On December 16, 2014, Capuano re-signed with the Yankees on a one-year, $5 million contract. He was designated for assignment on July 29, 2015. He was called back up by the Yankees on August 12 and designated for assignment again three days later. The Yankees then recalled him again on August 18 to take the place of Bryan Mitchell, who had been injured by a line drive during a spot start the previous evening. After being designated for assignment once again on August 22, he elected free agency on August 24. However, due to an injury to CC Sabathia, Capuano immediately re-signed with the Yankees. He was designated for assignment yet again the following day when Michael Pineda was activated from the DL. He was called up again on September 7.

Second stint with the Brewers
Capuano signed a minor league deal with the Milwaukee Brewers in January 2016, and went on to make the big league club out of spring training.

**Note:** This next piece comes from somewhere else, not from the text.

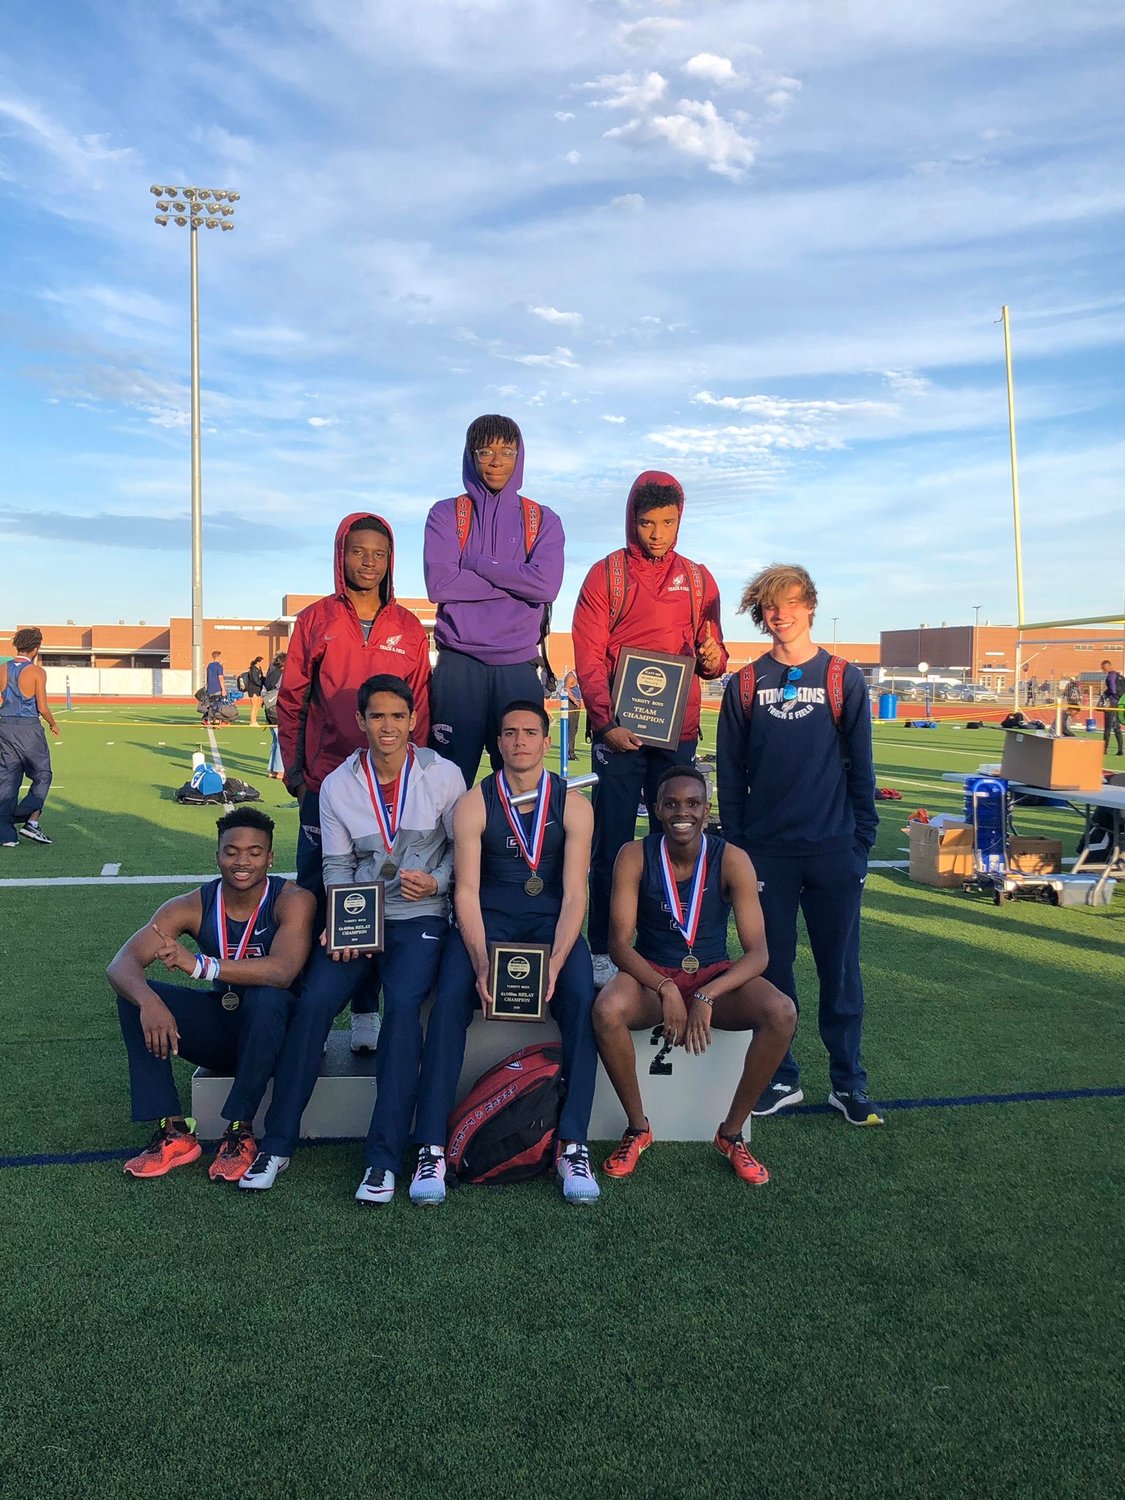 Tompkins’ boys won the team championship at the Bubba Fife Relays on Feb. 29 at Paetow High, scoring 111 points in a 26-team field.

He pitched well out of the bullpen for the Brewers for the first two months of the season until he sustained an elbow injury while pitching in a game versus the Atlanta Braves.

Retirement
On March 6, 2018, Capuano retired from professional baseball.

International career
Capuano played on Team USA in the 2001 World Cup of Baseball and helped the team earn a silver medal. Chris also represented the Major League All Stars Versus the Japanese All Stars in several exhibition games in Japan in November of both 2006 and 2014.

Pitching style
Capuano was generally more of a finesse pitcher who relied on his deceptive delivery, accuracy and ability to change speeds. He threw his fastball in the upper 80s on average, and would sometimes reach the low 90s as well, especially early in games or later in his career during relief appearances. Capuano also featured a slider and a changeup, and possessed an excellent pickoff move. In 2005, he led the major leagues in pickoffs with 12.

Personal life
Capuano was a three sport athlete growing up, playing baseball, basketball and soccer before focusing on baseball in college.  His father, Frank Capuano, was also a standout athlete who played as a shortstop and centerfielder for American International College in Springfield, Massachusetts.  While a member of the Milwaukee Brewers, Capuano, along with teammates J. J. Hardy, Bill Hall, and Jeff Suppan, appeared in an episode of The Young and the Restless on June 20, 2007.  Capuano grew up a Red Sox fan.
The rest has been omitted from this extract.